**WHAT IS NEEDED**
Every line below from the one containing "Donald Trump - 3D" through the one containing "Trainer Alexandre Pires" must be transcribed exactly. Omit all lines outside that stretch.

**EXTRACTED ENTRIES**
□ □ □ □ □

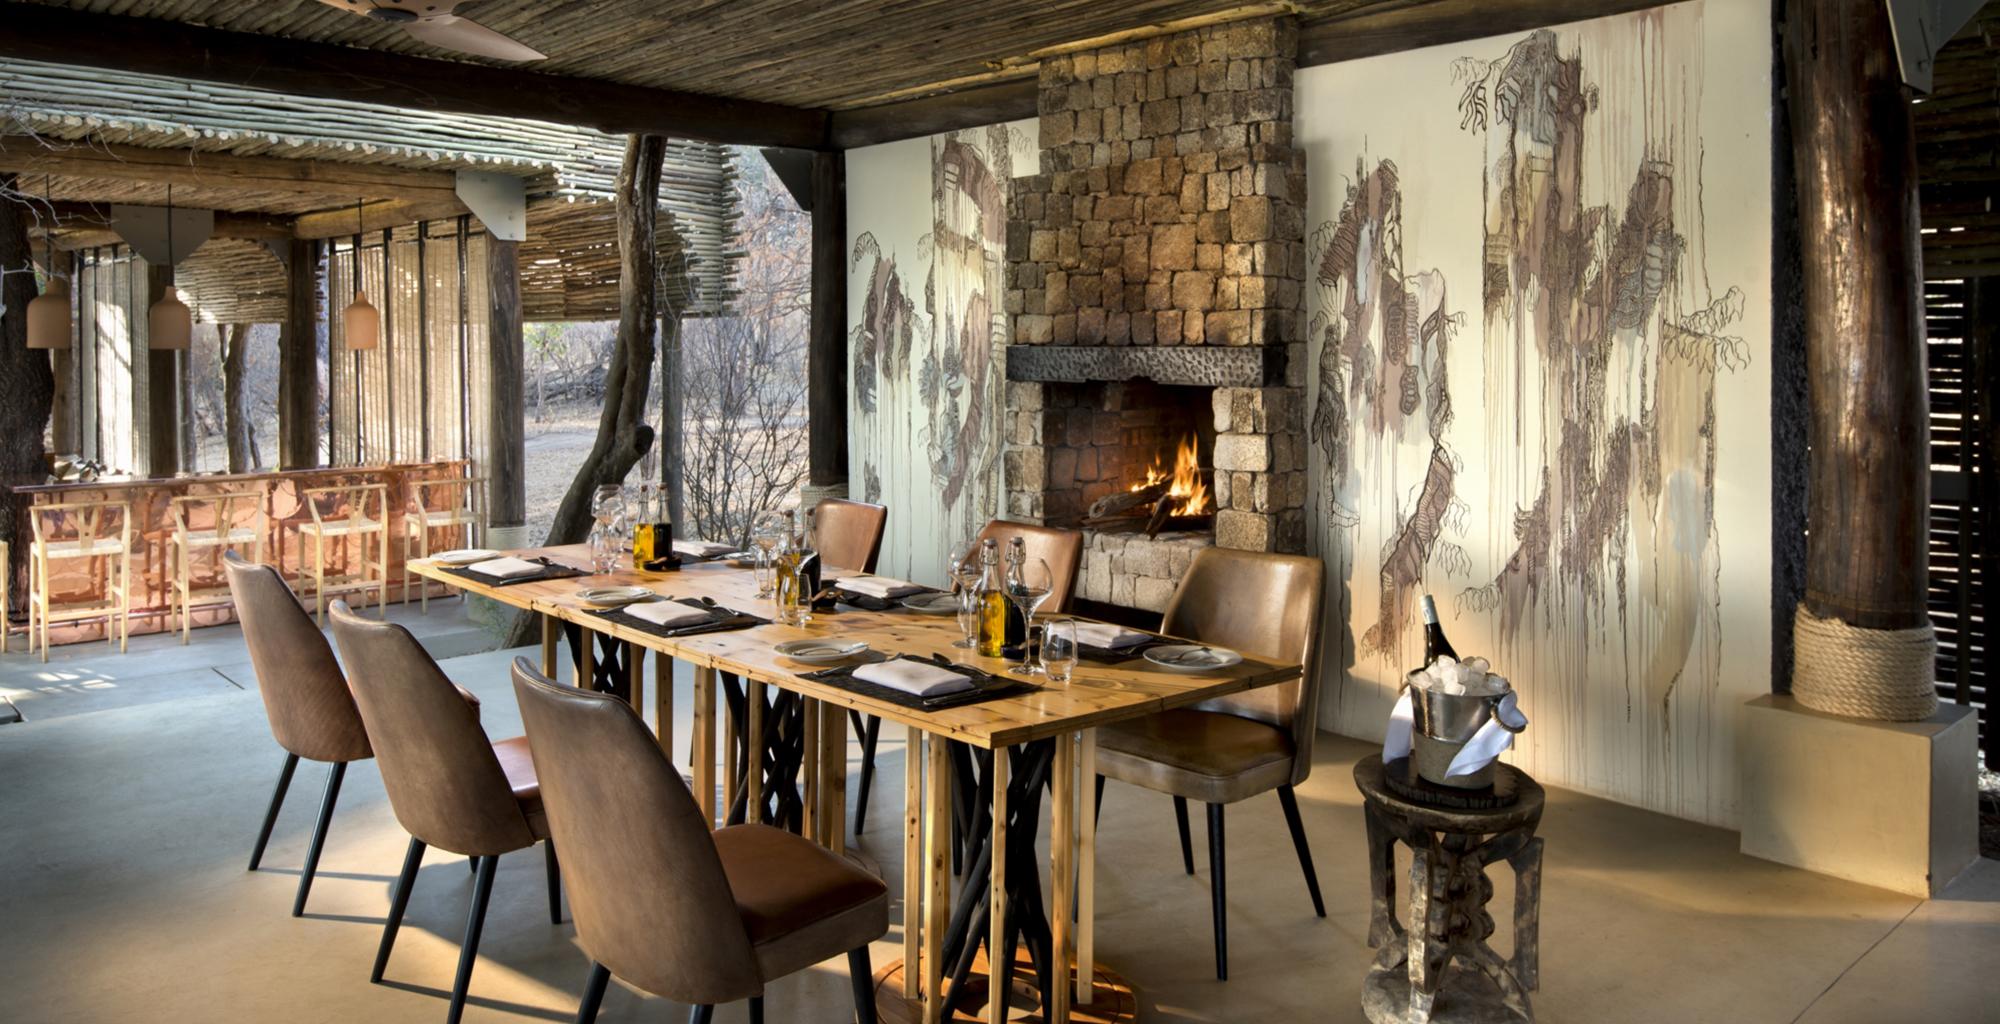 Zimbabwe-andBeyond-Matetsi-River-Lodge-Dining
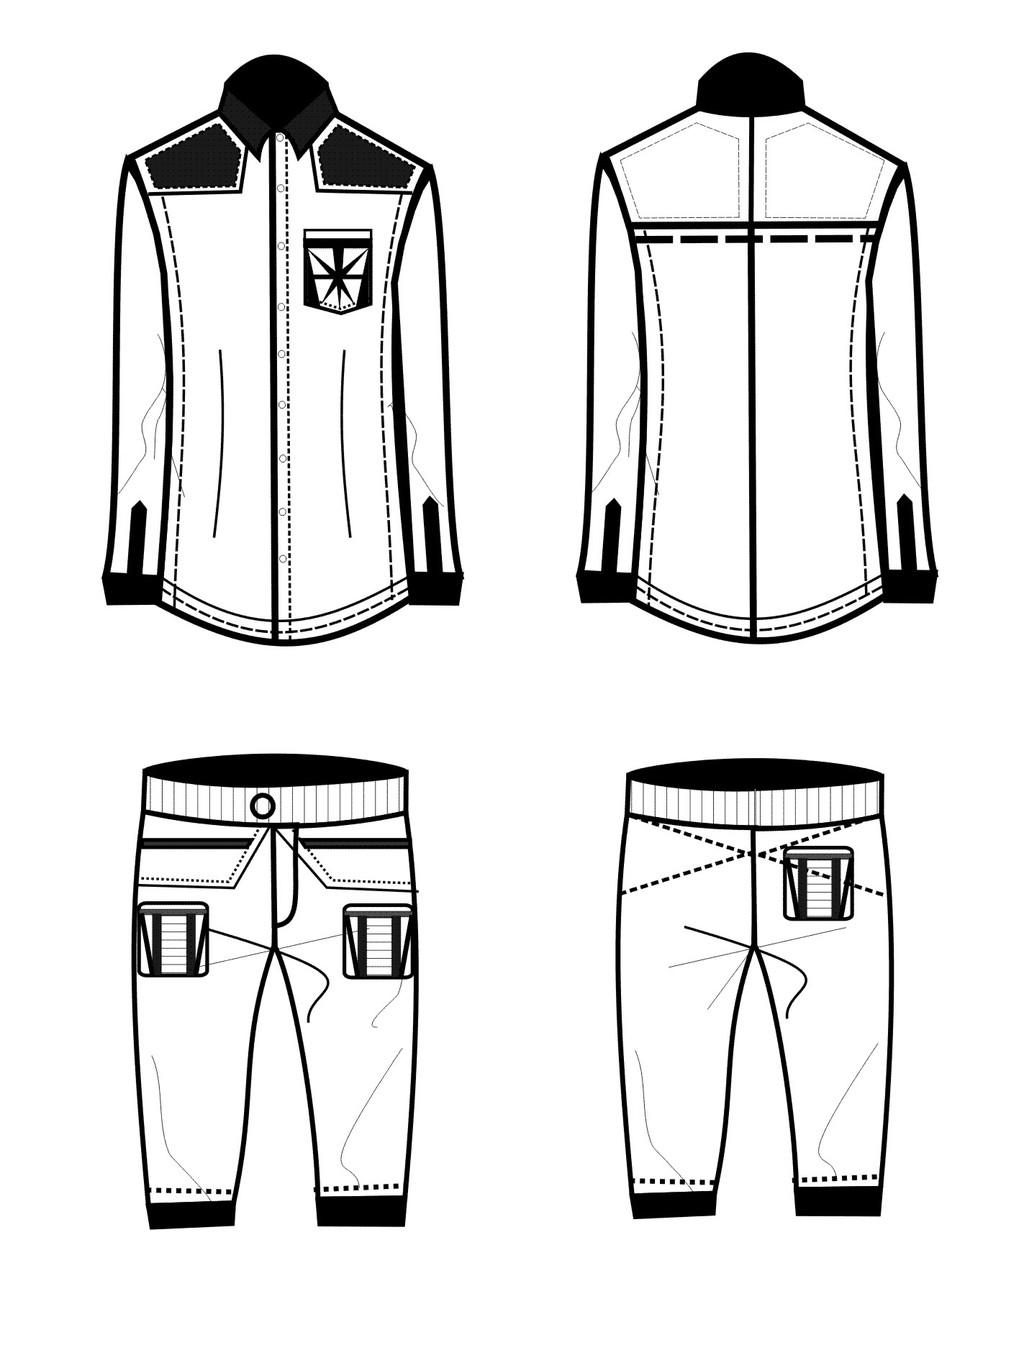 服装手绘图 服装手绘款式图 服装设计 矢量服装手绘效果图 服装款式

□ □ □ □ □

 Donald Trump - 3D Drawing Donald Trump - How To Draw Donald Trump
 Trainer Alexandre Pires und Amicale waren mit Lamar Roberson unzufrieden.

□ □ □ □ □

**THE COMPLETED TASK**
 Donald Trump - 3D Drawing Donald Trump - How To Draw Donald Trump
 Trainer Alexandre Pires und Amicale waren mit Lamar Roberson unzufrieden.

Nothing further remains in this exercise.